Por José Cláudio Souza Alves, professor do Departamento de Ciências Sociais/ICHS/UFRRJ
Por que policiais, traficantes e milicianos votaram em Bolsonaro? Cada um destes tem seus interesses próprios e objetivos específicos, mas há um elemento comum: o aumento dos confrontos traz ganhos para todos eles.
Mais repressão eleva o preço do mercado de drogas e somente grandes facções permanecerão – as que conseguirem controlar a fronteira e os corredores para os países latino-americanos produtores de drogas. A indústria bélica terá uma explosão na demanda, aquecida legal e ilegalmente, já que o tráfico de armas segue em paralelo ao tráfico de drogas, milícias e maior letalidade policial. Fuzis AR15 e AK47 passarão a conviver com metralhadoras Ponto 30 ou Ponto 50. O suborno extraído do traficante aumentará e a resposta dos traficantes às operações se intensificará. Policiais poderão estabelecer novos patamares de ganho a partir do aumento da repressão. Milicianos ampliarão suas taxas de lucro. Preços da segurança cobrada de moradores e comerciantes, do gás, da água, da “vanzinha” serão majorados. Ou poderão ser reduzidos, dependendo da escala que alcancem num cenário de fortalecimento do controle militarizado das áreas. Milicianos já não precisarão mais de gorro, num cenário de abatimento liberado de negros, pobres favelados e moradores de periferia. Uma profissão em ascensão no mercado de trabalho do crime organizado.
Todo o tabuleiro do mundo do crime passará a se mover em um novo cenário. Líder de grupo de extermínio em consórcio com traficantes, antes por ele executados, participarão de licitações na prefeitura para drenarem os fundos públicos. Milicianos, prefeitos, vereadores, deputados e secretários municipais retalharão os patrimônios naturais, logísticos e de serviços públicos nos acordos de manutenção dos grupos dominantes. Traficantes cobrarão taxas de segurança e milicianos ampliarão sua presença no tráfico de drogas. Chacinas invisíveis – não registradas pela polícia nem noticiadas pela mídia – redefinirão as fronteiras entre facções, milícias e batalhões. Mortes diárias pulverizadas no cotidiano da população seguirão a correnteza do velho silêncio dos que buscam permanecer vivos. O grande capital fará arranjo com aqueles que lhe deem maior retorno e maior garantia de proteção.

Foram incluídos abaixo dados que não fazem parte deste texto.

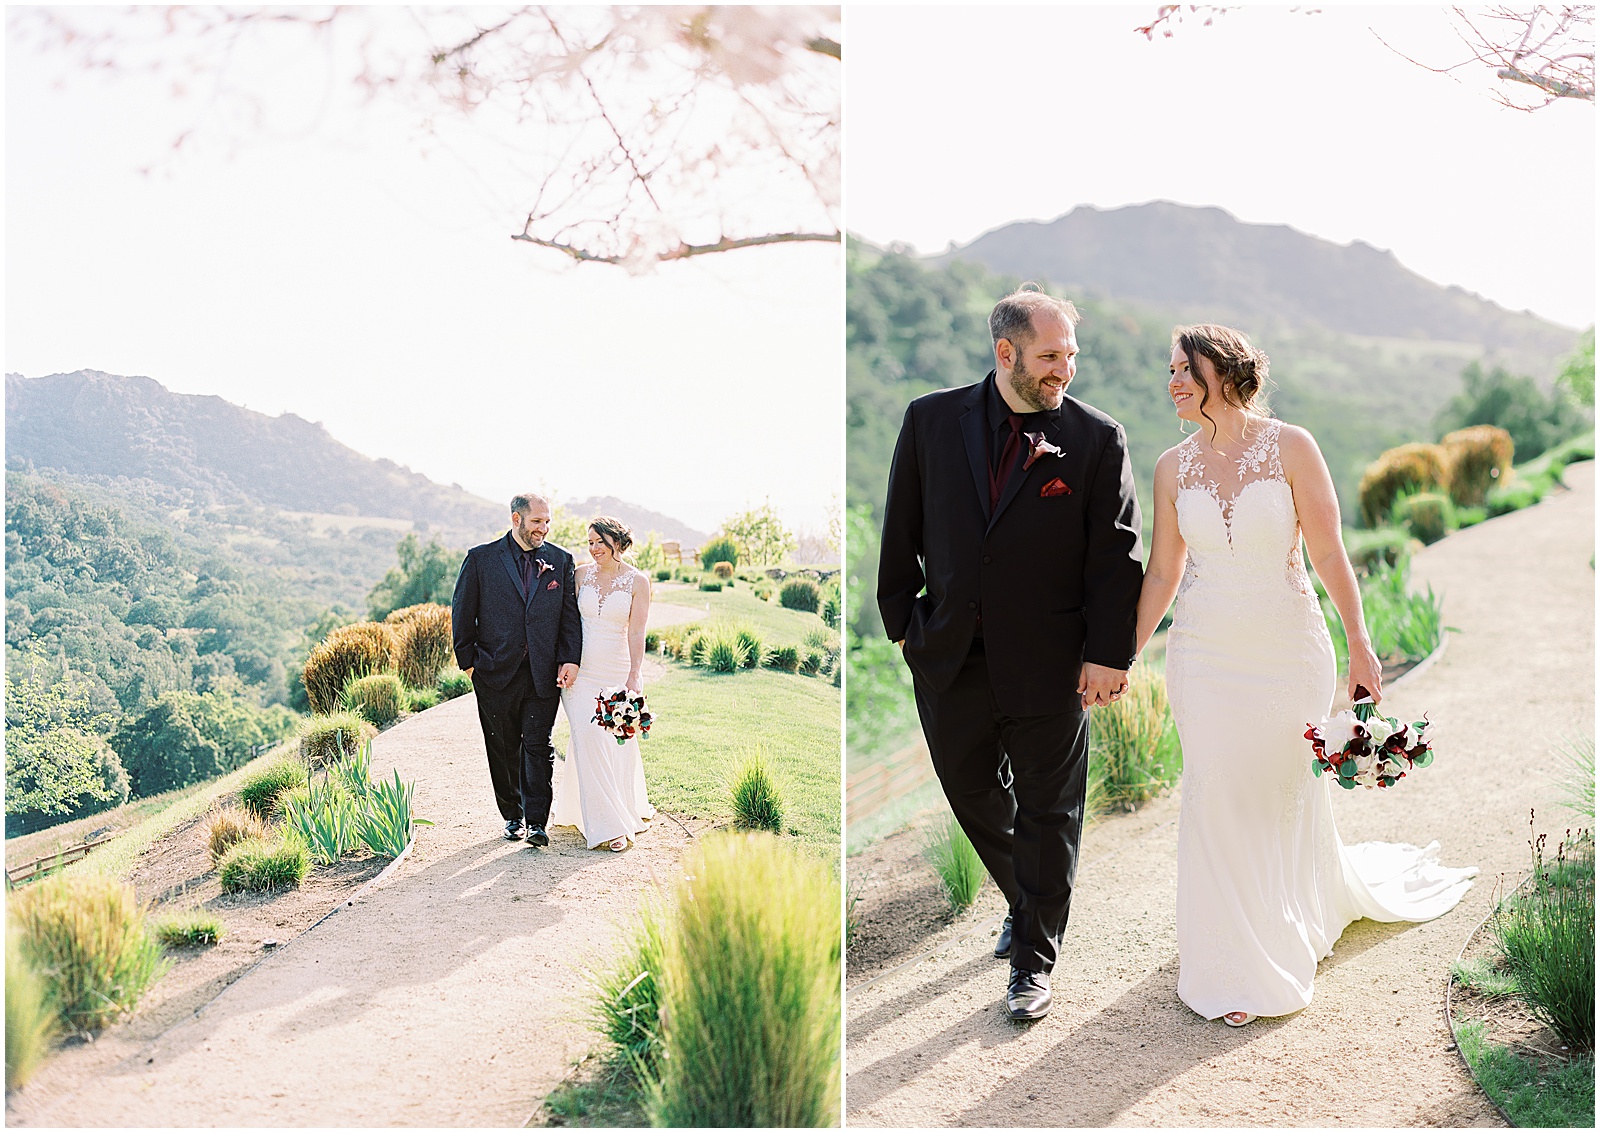 two portraits of bride and groom walking together holding hands

O calcanhar de Aquiles desta proposta política, então, começará a se revelar. Policiais, traficantes e milicianos eleitores de Bolsonaro, visando ampliar seus ganhos, corroerão, por dentro da estrutura política, o pilar da segurança pública. As contradições internas à relação dos interesses, potencializadas pelo aumento do conflito e dos ganhos, solaparão, progressivamente, a sustentação deste pilar da oratória bolsonariana. As bases do edifício estão calcadas no que promoverá a sua ruína, num cenário de ampliação do fosso social, a partir de medidas privatizantes e supressoras de direitos.
Movimentado pela incessante entrada de dinheiro, cuja regulação é a medição de força, via conflitos pelo controle de áreas, o mercado do crime organizado, no ventre do Estado bolsonariano, irromperá na desilusão da massa que o elegeu. Incontornável, há que outros arranjos dará ensejo? Amputará as pernas que o sustentam?
Publicado originalmente na página 2 do Rural Semanal 15/2018, em espaço destinado prioritariamente a colaborações da comunidade universitária. As opiniões expressas são de responsabilidade exclusiva de seus autores.